For patients who have dyskinesia without OFF time, consideration should be given to reducing or eliminating adjunctive medications or reducing individual LD doses. For patients on CD-LD IR who have both dyskinesia and OFF time, it may be possible to reduce individual levodopa doses and administer them more frequently (fractionation). Alternatively, the patient can be switched from CD-LD IR to CD-LD ER. Both of these strategies are designed to reduce peak-trough fluctuations in serum levodopa concentration. Another important option is the addition of the NMDA receptor antagonist amantadine, which is available in IR and two ER formulations. Amantadine ER capsules (Gocovri™) were demonstrated to significantly reduce both dyskinesia and OFF time in this population.

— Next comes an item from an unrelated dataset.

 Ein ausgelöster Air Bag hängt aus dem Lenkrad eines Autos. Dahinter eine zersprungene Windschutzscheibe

Cost is also an important factor when considering these therapies, especially for newer medications. Some manufacturers have patient assistance programs that may increase access for some patients.

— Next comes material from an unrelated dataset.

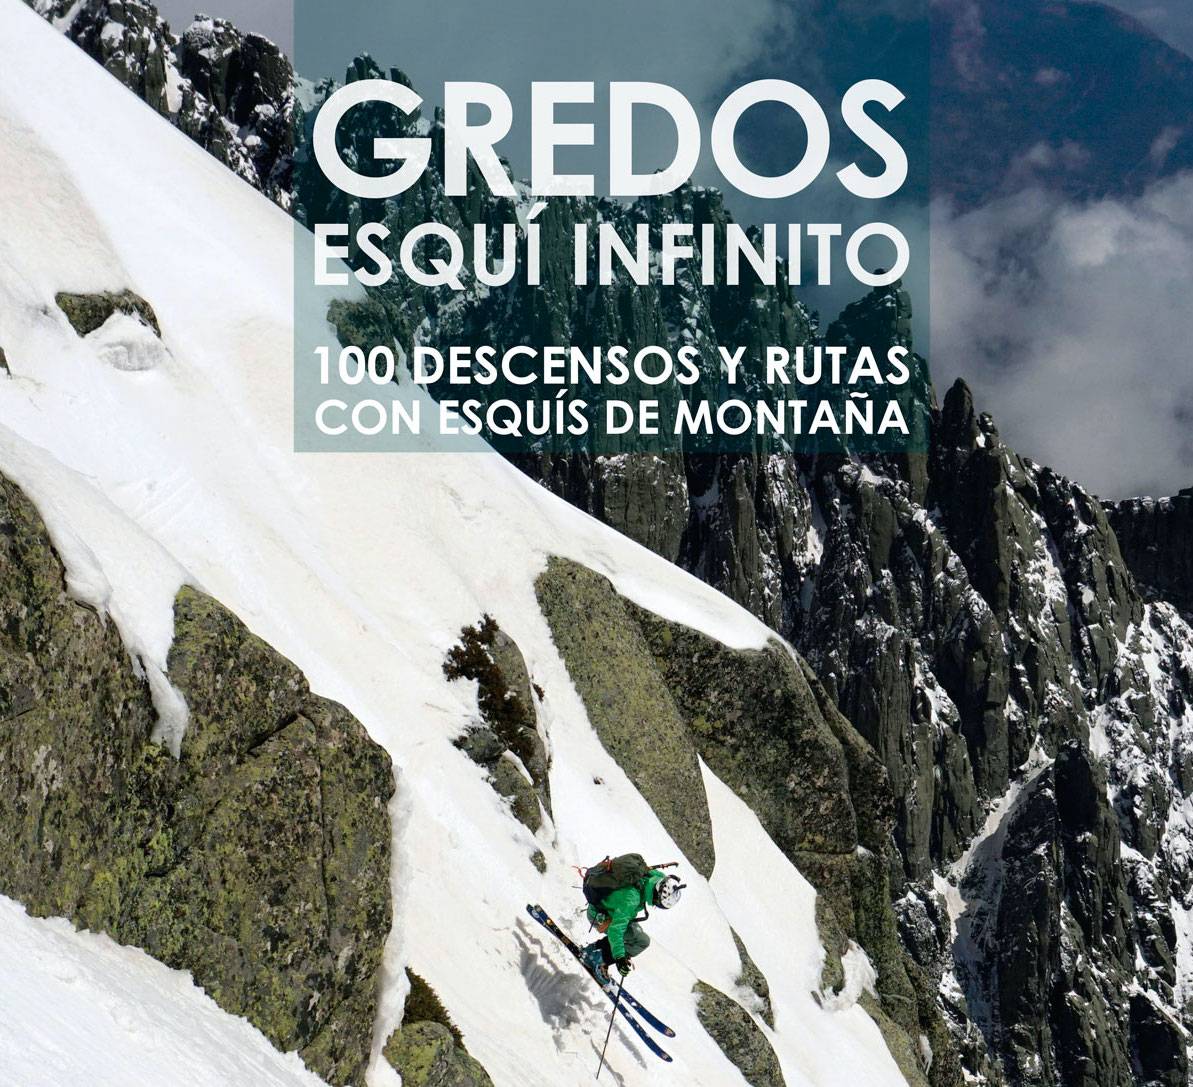 Cien descensos y rutas de skimo en “Gredos, Esquí Infinito”

In patients with motor fluctuations that cannot be adequately controlled with oral medications, consideration can be given to infusion therapies. Outside the USA, CSAI can be added to the patient’s usual regimen to provide a significant reduction in OFF time and increase in ON time without troublesome dyskinesia along with a reduction in oral medications. Alternatively, CLES has been shown to provide a significant reduction in OFF time and increase in ON time without troublesome dyskinesia as a replacement for oral levodopa during the day. Strategically, infusion therapies (those that are currently available and those that are in development) can be used before a patient requires DBS, as an alternative to DBS, or as an adjunct to DBS. New infusion therapies in development that are less invasive than CLES may increase the use of this type of therapy in the future.

Conclusion

Since its first use in PD more than 50 years ago, levodopa has remained the most effective medical therapy for the treatment of the motor symptoms of PD. For nearly as long, the motor complications associated with levodopa have been the target of immense study [229]. Over the past 30 years, the armamentarium of medical therapies to optimize the motor control of advancing PD has grown, with medications targeting a variety of pathophysiological targets in brain systems underlying these complications now available, and more on the horizon. Navigating the options discussed in this review requires careful evaluation of each individual patient, including the symptoms that most affect their quality of life and factors that affect their susceptibility to adverse effects. Involving patients in shared decision-making regarding the management of evolving motor complications is important as clinicians guide patients through advancing disease [230].